If it's part of the exit discharge, then you must sprinkle it.  You can not reduce the degree of protection of an exit along the path of egress travel.


----------



## Dr. J (Oct 22, 2010)

All the IBC can require is that a building be sprinklered in accordance with NFPA 13.  A sprinklered building with a non-sprinklered Porte Cochere is still a sprinklered building. IBC does not require any sprinklers in addition to those required by NFPA 13.

The Porte Cochere situation is similar to a traction elevator being used as part of an accessible means of egress.  It would be fully in compliance with NFPA 13 without sprinklers in the shaft.  There is no IBC requirement to sprinkler the hoistway just because it is a component of the egress path.  Another example is a high rise stair tower that is NFPA 13 compliant with only two sprinklers.  Hundreds of vertical feet of the egress path are not protected by an automatic fire suppression system, but it is still code compliant.

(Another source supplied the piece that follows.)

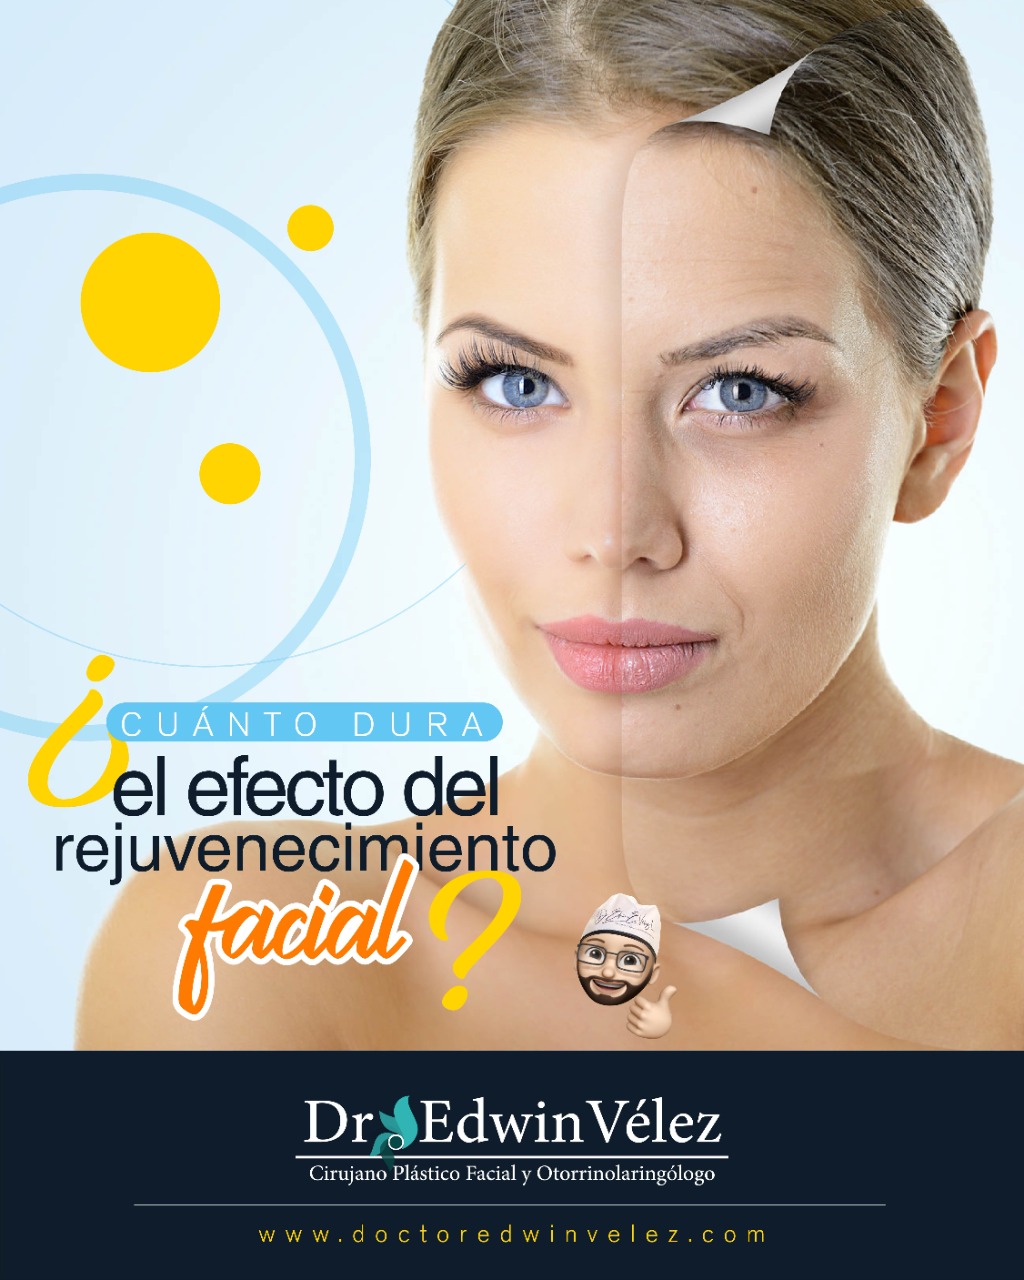 Afectar sensor fondo Cuánto dura el efecto del rejuvenecimiento facial? - Doctor Edwin Vélez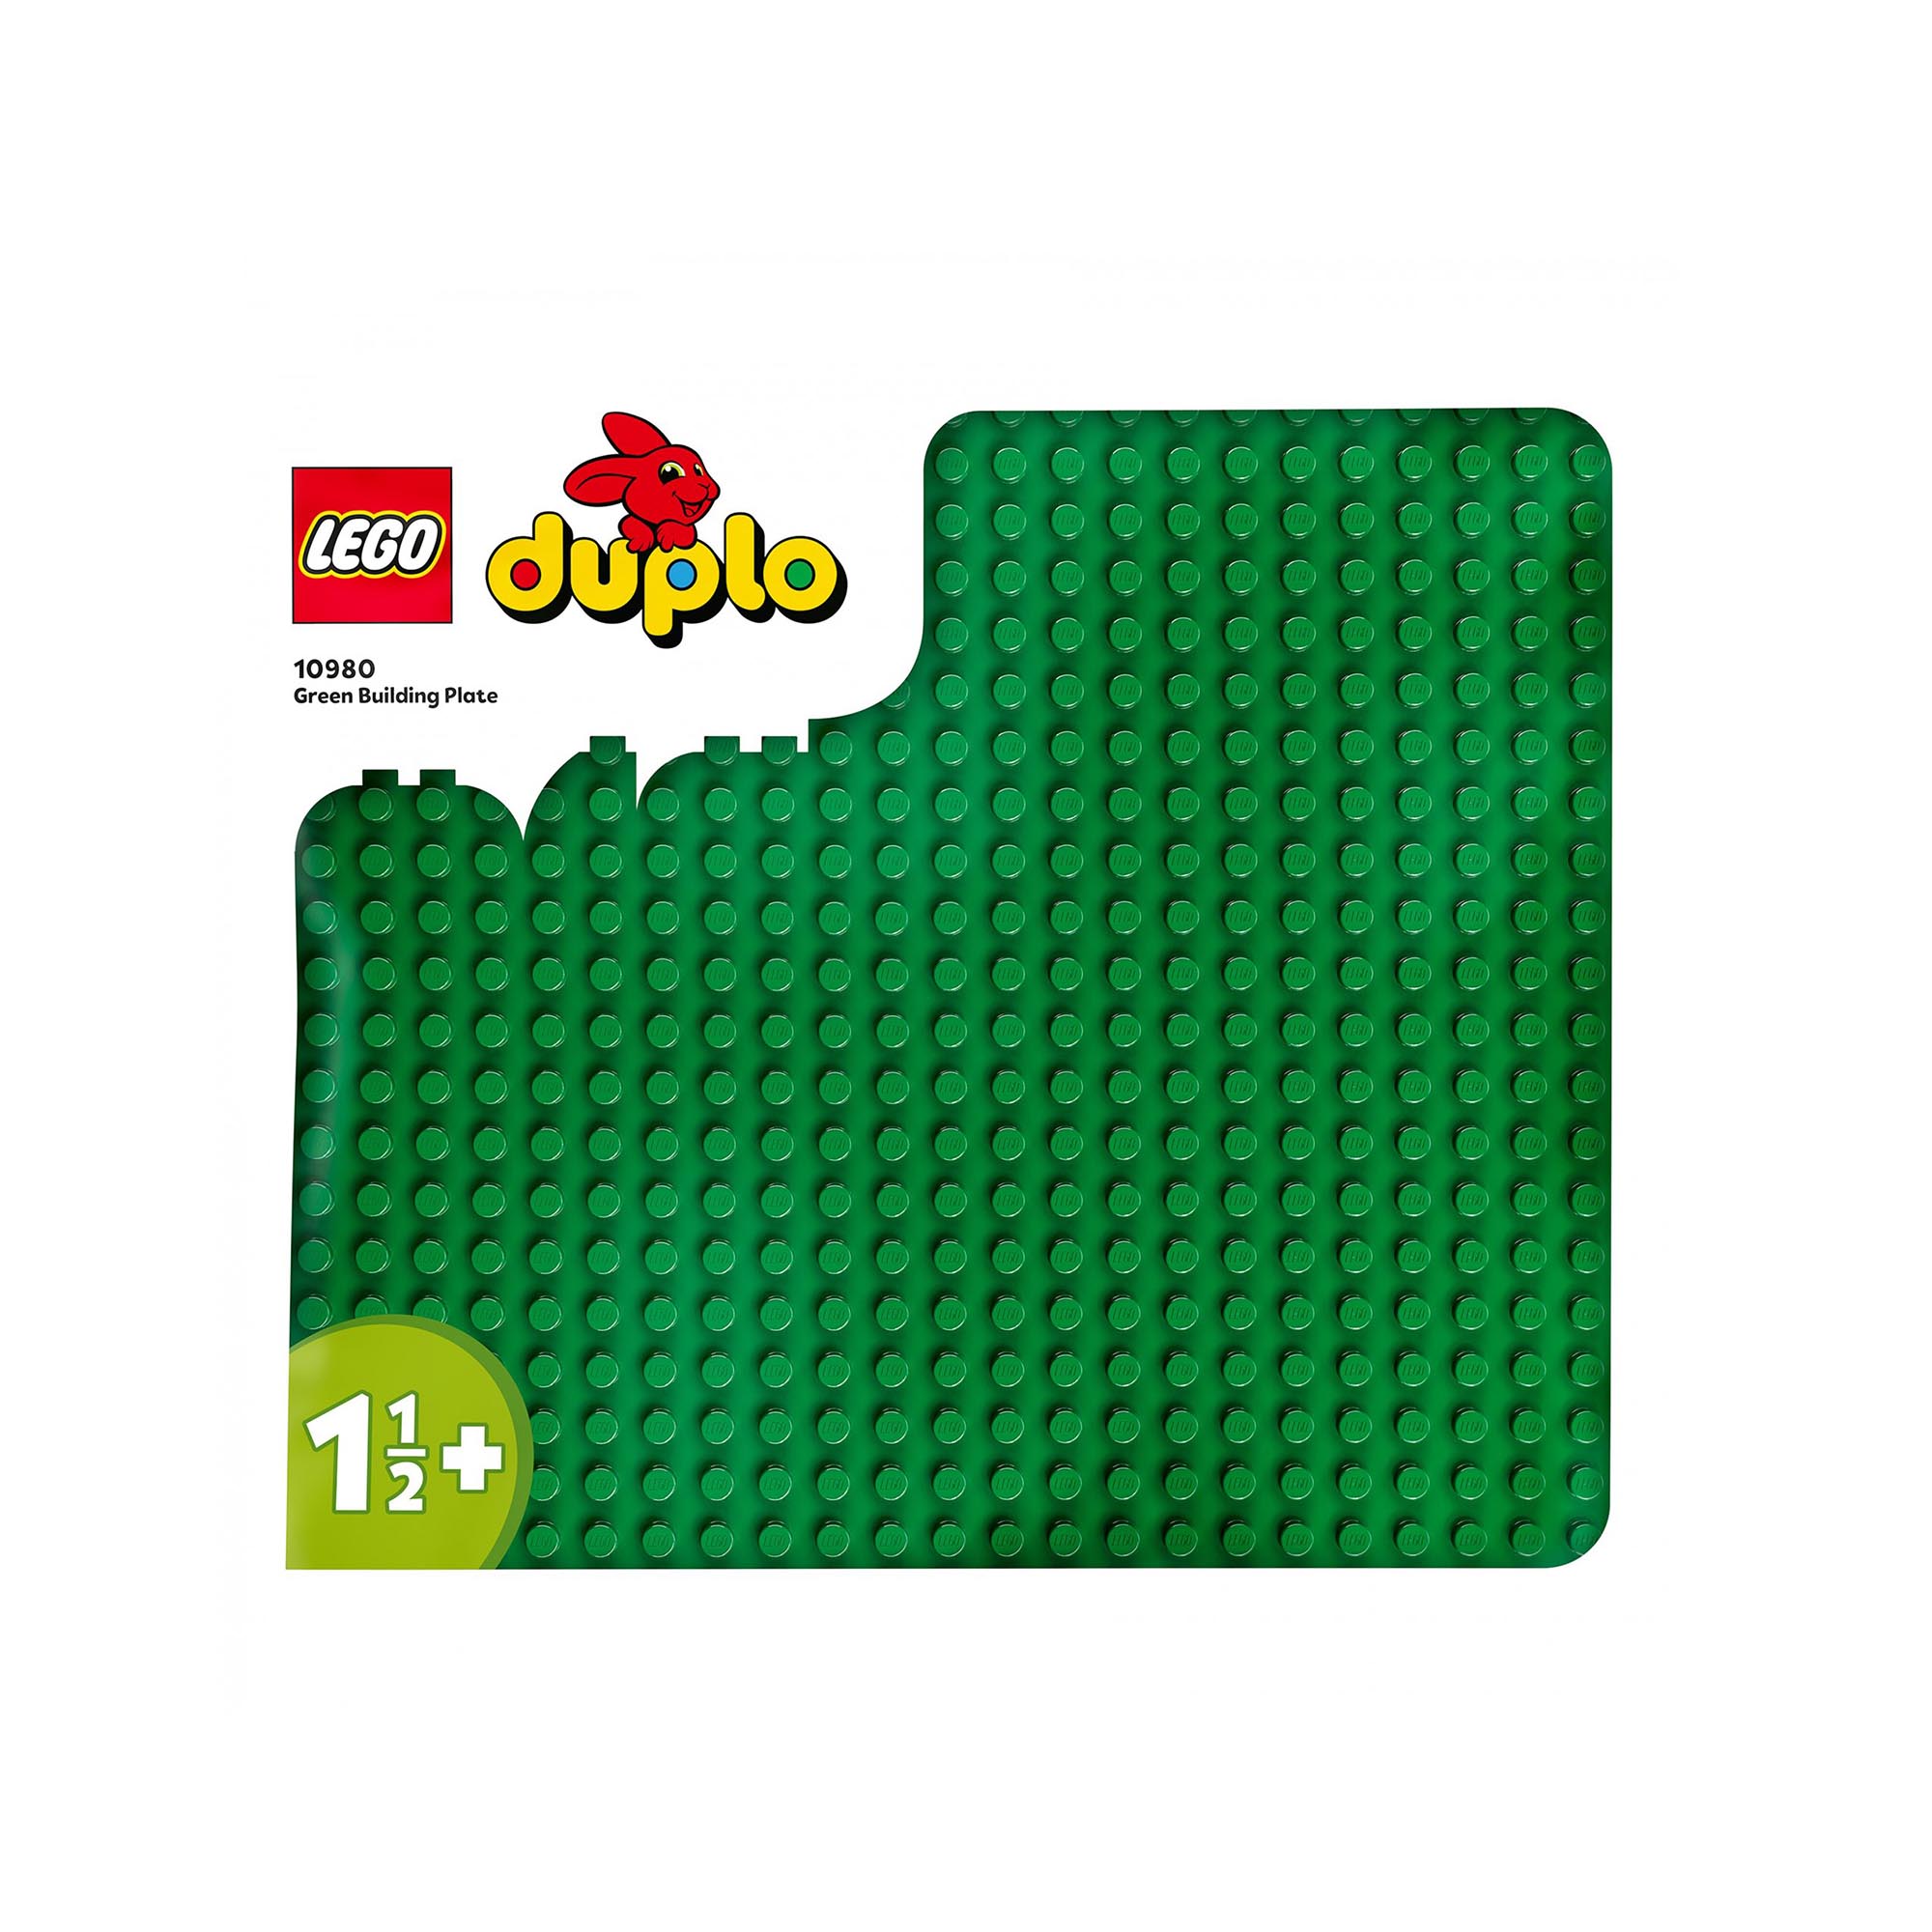 LEGO DUPLO Base Verde, Tavola Classica per Mattoncini, Piattaforma Giocattolo, S 10980, , large

“Because I said so” can take on so many forms.


----------



## TJacobs (Oct 23, 2010)

If you require the sprinklers you're a dirty filthy commie rat b***ard.  If the sprinklered building burns from a fire under the PC extending into the building, you'll be blamed for not making them sprinkle it.

You can't win...


----------



## Yikes (Oct 25, 2010)

Dr. J, I like your logic, but then your avatar makes me very suspicious of your argument!!!


----------



## Architect1281 (Oct 26, 2010)

Yikes I love Dr. J's Avatar

it allows him to occasionally drop the big one.


----------



## Dr. J (Oct 27, 2010)

"What good is a doomsday code if you keep it a secret?"

Actually, besides being a modified movie quote, this is a good philosophy for AHJs and their deisire to "enhance" the code.  I have no problem with published policies and amendments, but "because I said so" or "what if" scenarios not supported by the documents adopted by the local legislative body really fuses my neutrons.


----------



## Yankee (Oct 27, 2010)

Dr. J said:
			
		

> "What good is a doomsday code if you keep it a secret?"Actually, besides being a modified movie quote, this is a good philosophy for AHJs and their deisire to "enhance" the code.  I have no problem with published policies and amendments, but "because I said so" or "what if" scenarios not supported by the documents adopted by the local legislative body really fuses my neutrons.


I agree but am humble enough to know that the applicant (you) sometimes needs to educate the BO by providing the (chain of) code section(s) that you believe supports your position.


----------



## FM William Burns (Oct 27, 2010)

> but "because I said so" or "what if" scenarios not supported by the documents adopted by the local legislative body really fuses my neutrons.


Nice!       .........................................the rest is fill because of a stupid error msg about being too short.


----------